EXERCISE BRIEF: The listing below should be reproduced precisely, except for its images.
++++ MATERIAL PROVIDED ++++
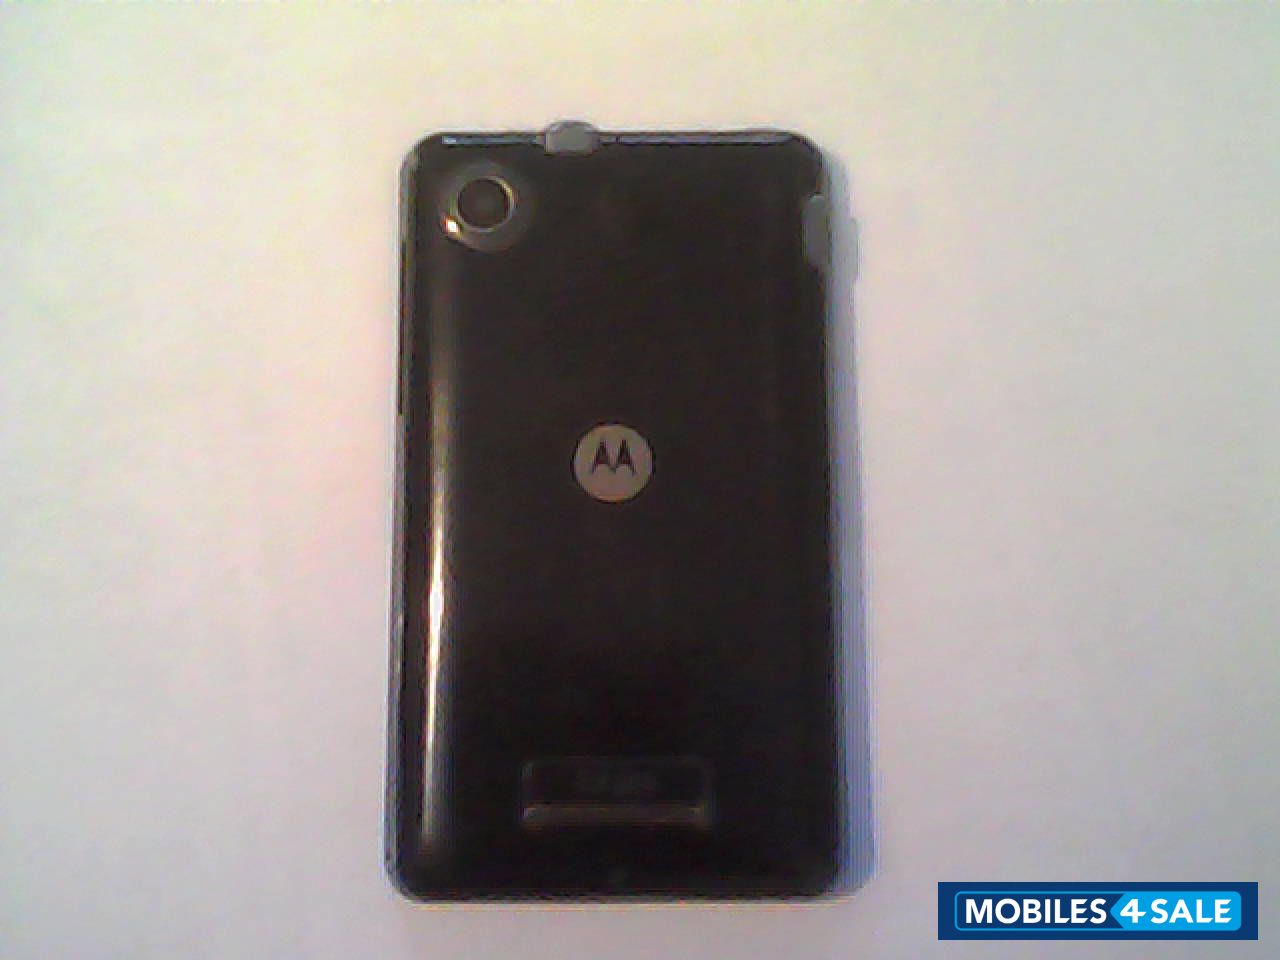 White & Black Motorola EX119
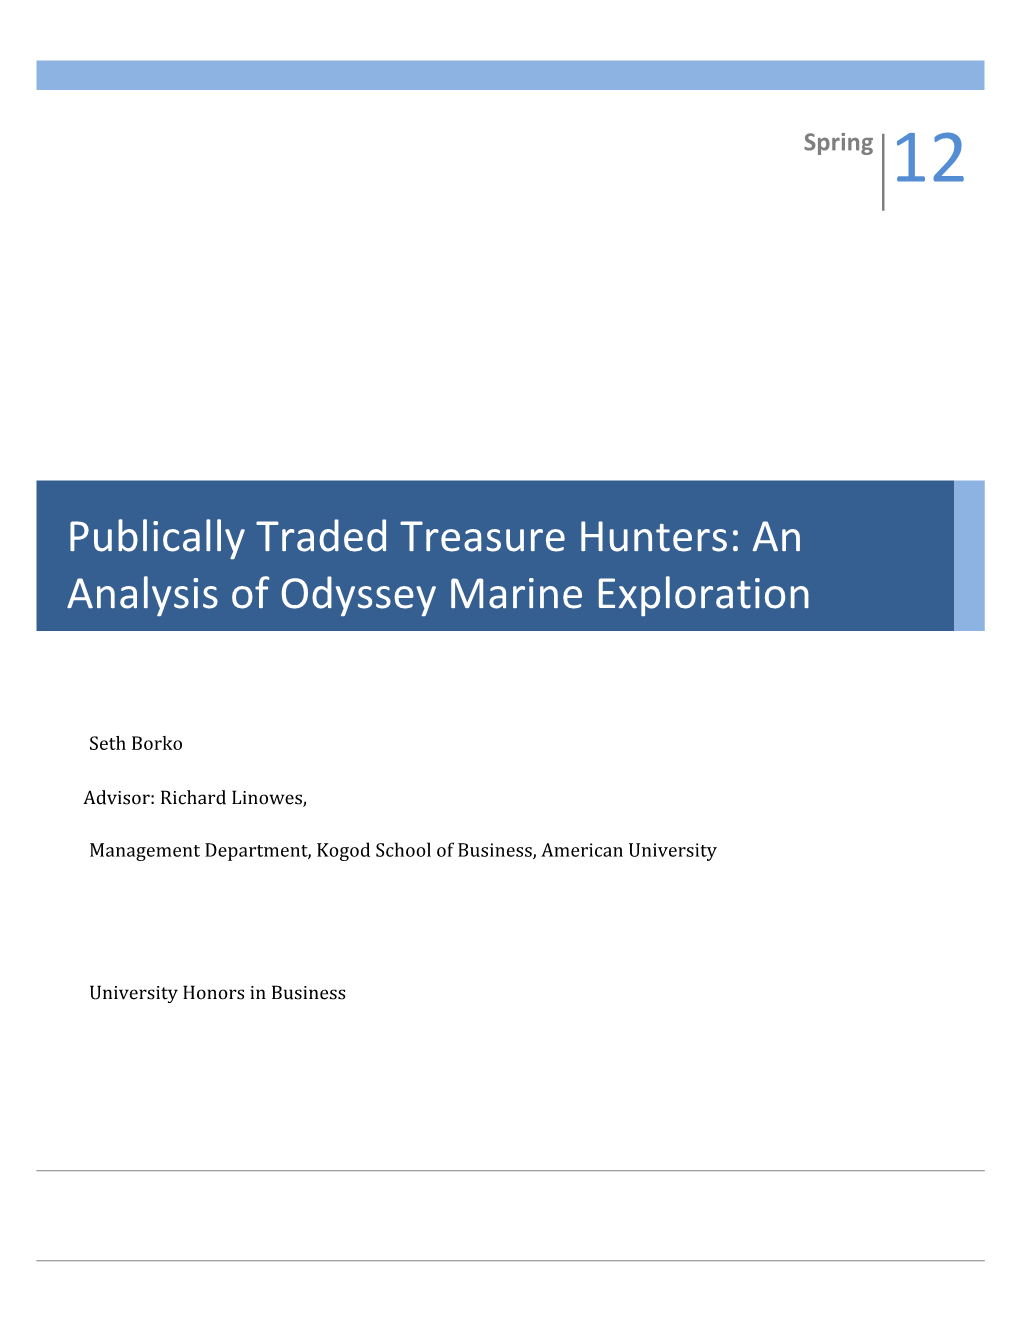 An Analysis of Odyssey Marine Exploration
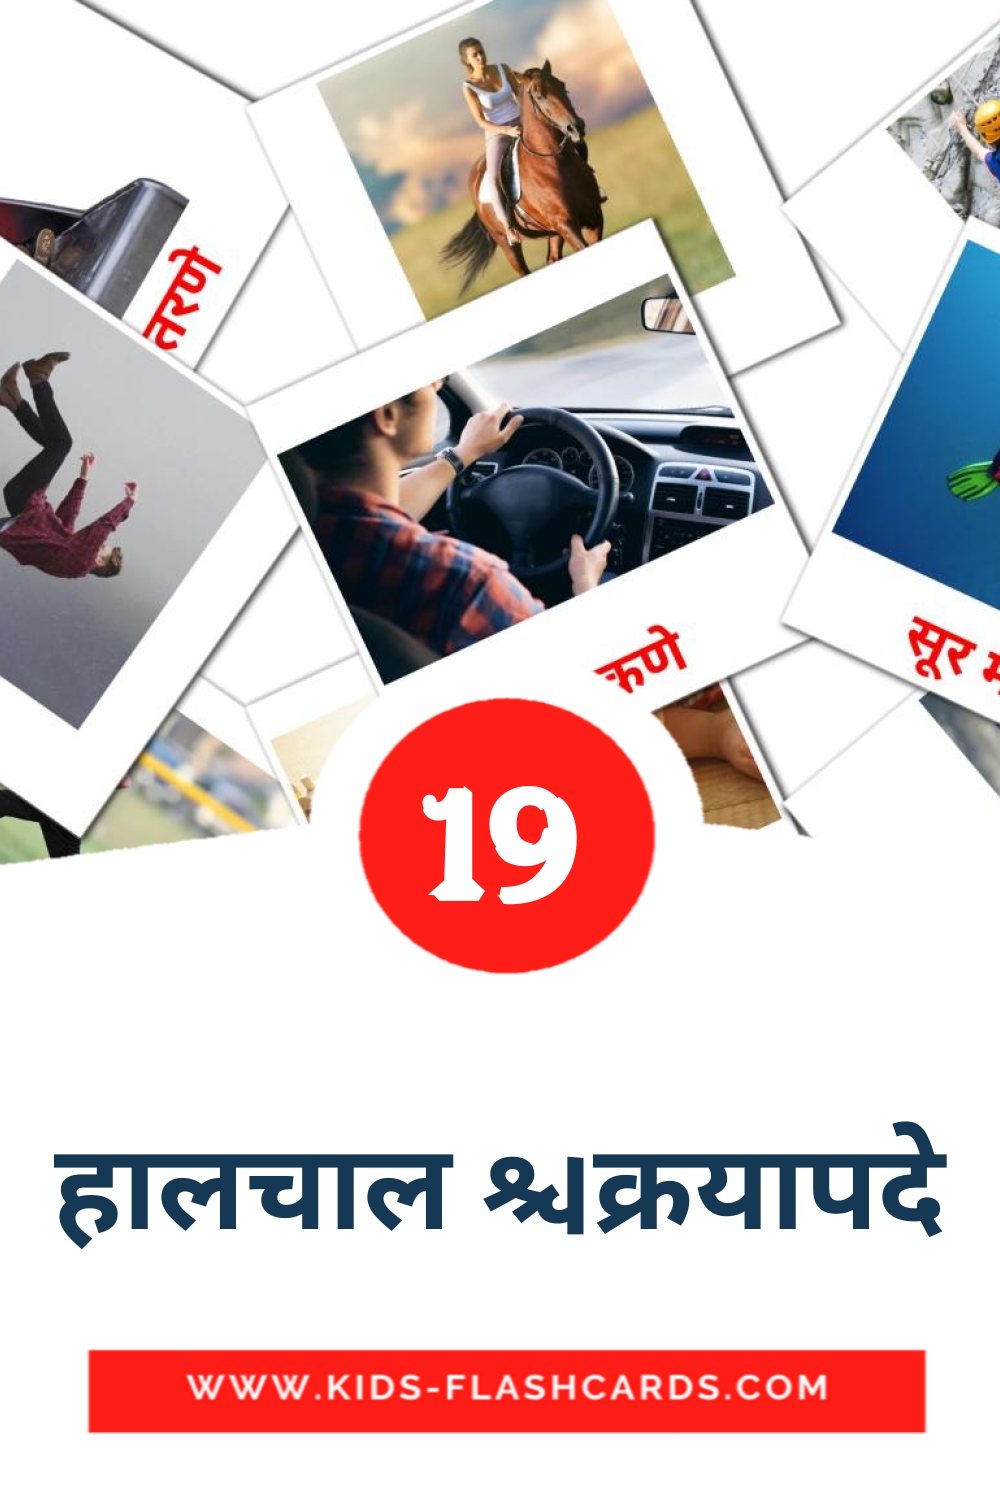 19 tarjetas didacticas de हालचाल क्रियापदे para el jardín de infancia en marathi
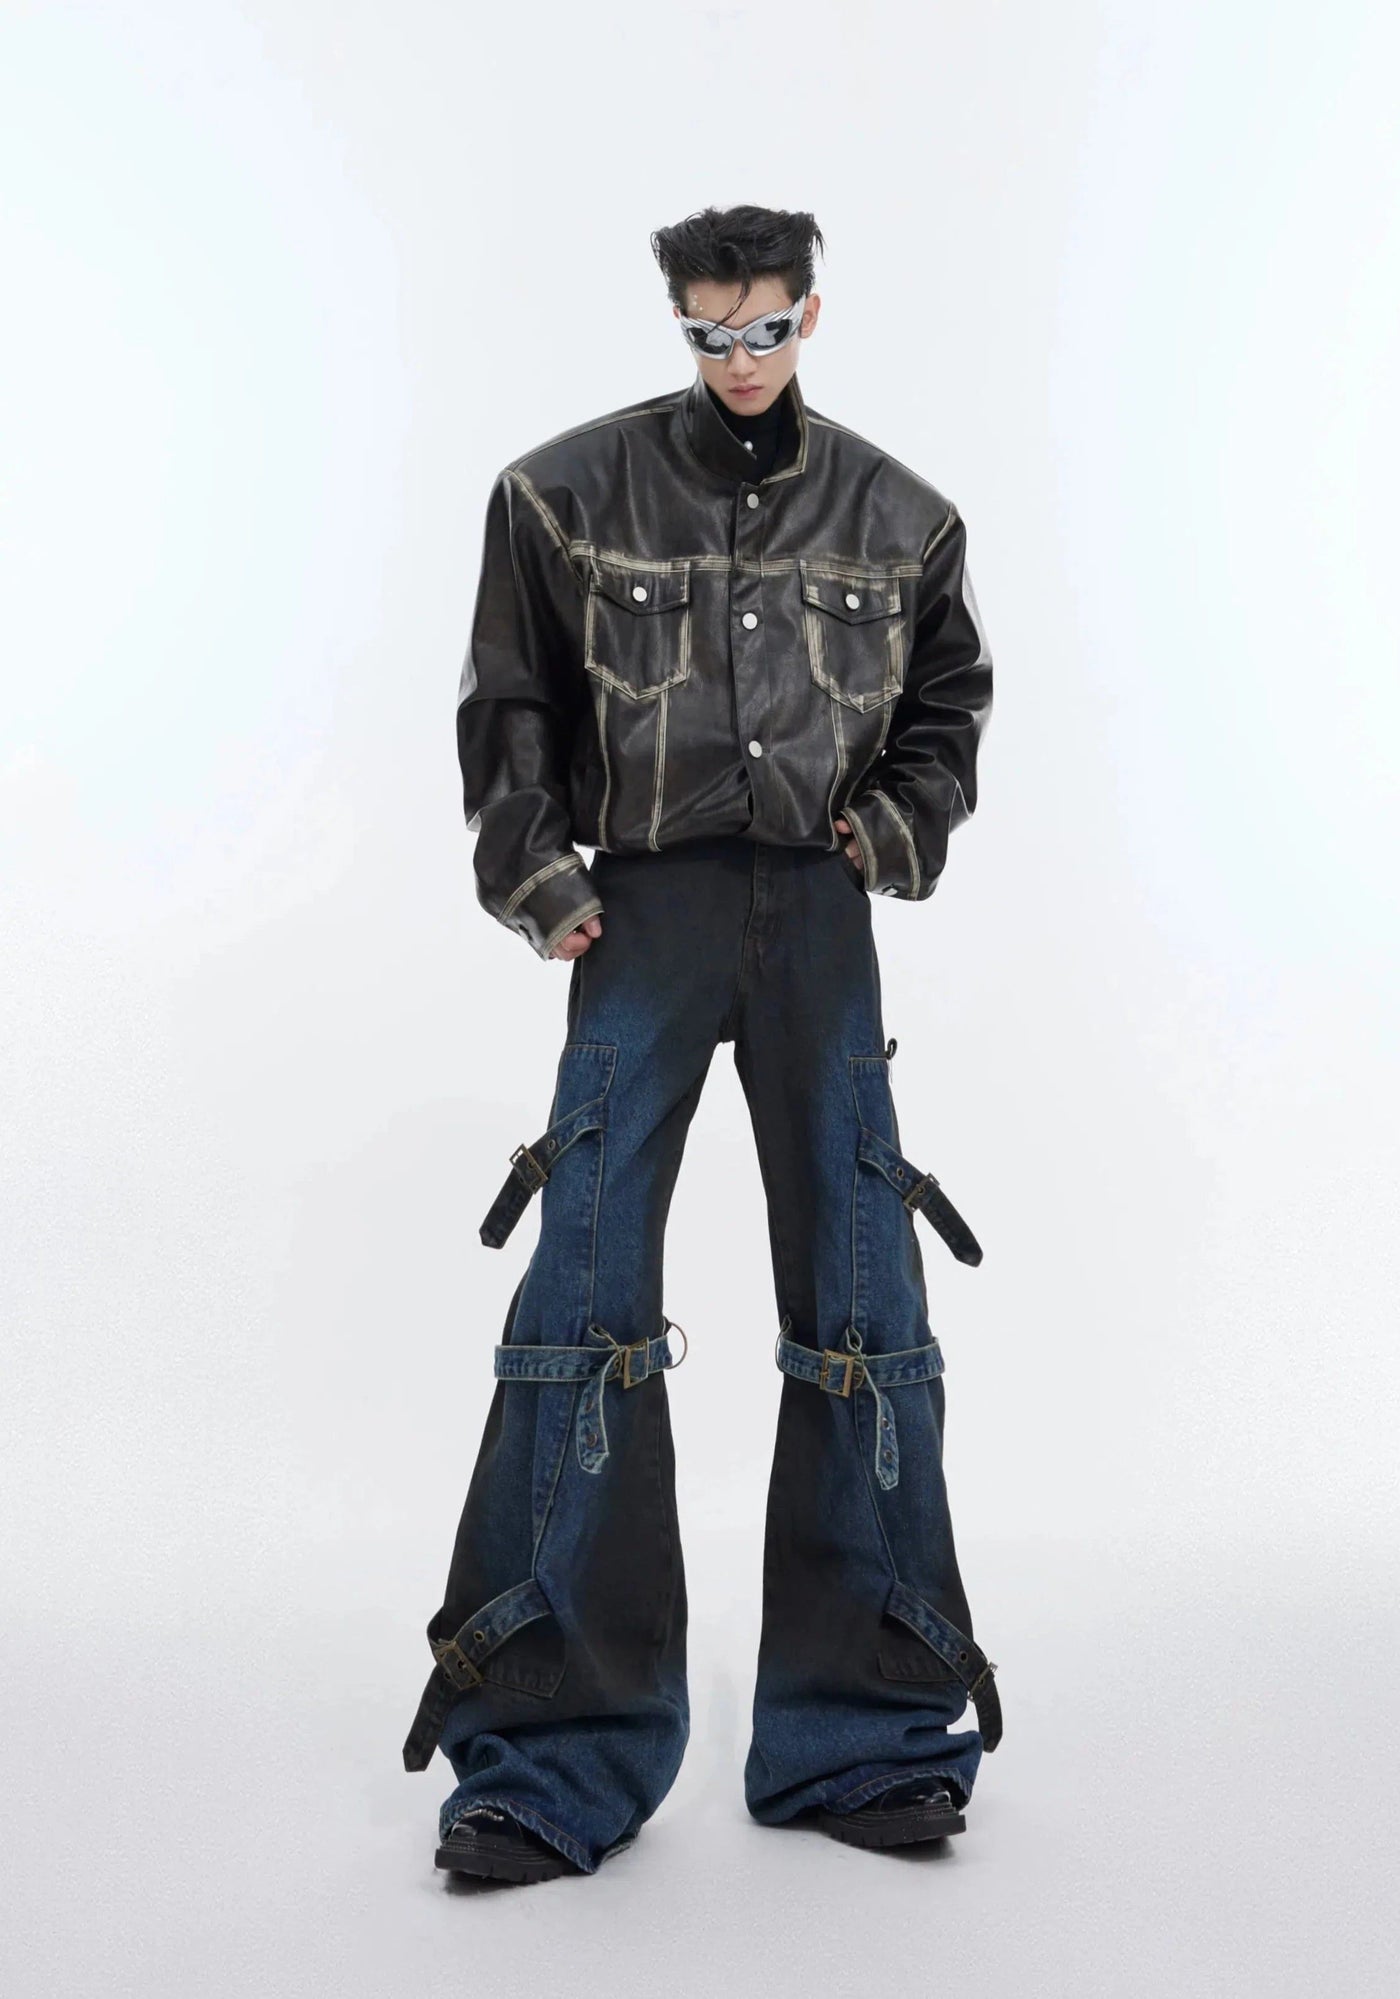 Multi-Strap Belt Jeans Korean Street Fashion Jeans By Argue Culture Shop Online at OH Vault
++++
SOLUTION TO THIS EXERCISE:
 White & Black Motorola EX119
 An Analysis of Odyssey Marine Exploration
 19 tarjetas didacticas de हालचाल क्रियापदे para el jardín de infancia en marathi
 Multi-Strap Belt Jeans Korean Street Fashion Jeans By Argue Culture Shop Online at OH Vault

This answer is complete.